Day 113: Tahiti – 28/04/10

Chessie, Tucanon, Brown Eyed Girl and Noeluna all arrive into the marina.  They too have arrived without the aid of wind and have motored hard to get here.  Apparently the boats that have been here for a few days had the opposite – high winds and high seas. 

The yacht agent, Lauren, arrives to complete the check in process with us and also brings our packages – the parts for the generator and the water maker.  Looking at the contents, I cannot believe that they have cost so much to buy and to get here, but that’s boats for you!  He also brings with him some pearls.  He has remembered that I wanted some but has been unable to get any champagne coloured ones.  Although they look good, they are not as nice as mine.

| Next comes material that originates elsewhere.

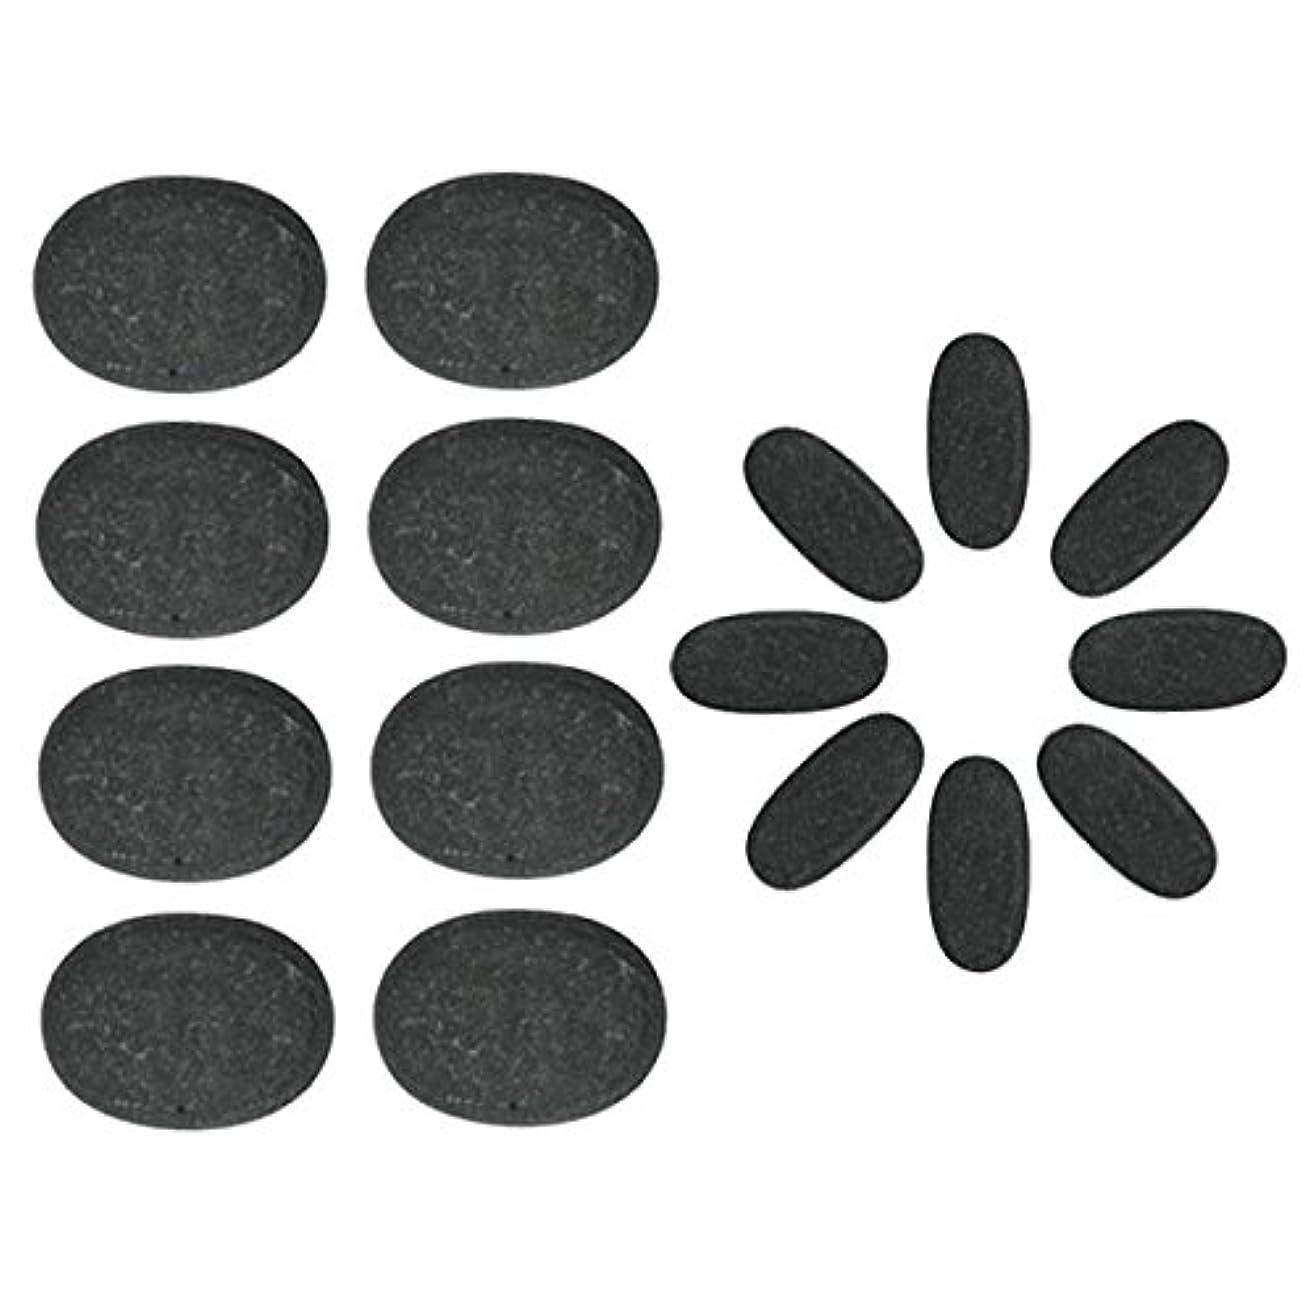 マサッチョ新鮮なセンチメートル玄武岩 ホットストーン 16個セット [ ホットストーン ホット ストーン ストーンヒーター ホットストーンセラピー セラピー 玄武岩 天然石 スパ ロミロミ ハワイ ハワイアン マッサージ ]

Mike starts the engine for me so that I can have some hot water to start on the mountain of laundry that has built up while we haven’t had water to spare for such fanciful ideas and we fill the tanks up from the tap on the quay.  How wonderful.

Graham and Mike from Eowyn arrive with their wives Chrissie and Val and I invite them in to have a look around Jeannius.  In the middle of the ‘tour’, Carole and John arrive and we settle them into their cabin – they are going to be sailing with us for the next few weeks so that Carole can see whether her seasickness is improved by being on a catamaran rather than a monohull.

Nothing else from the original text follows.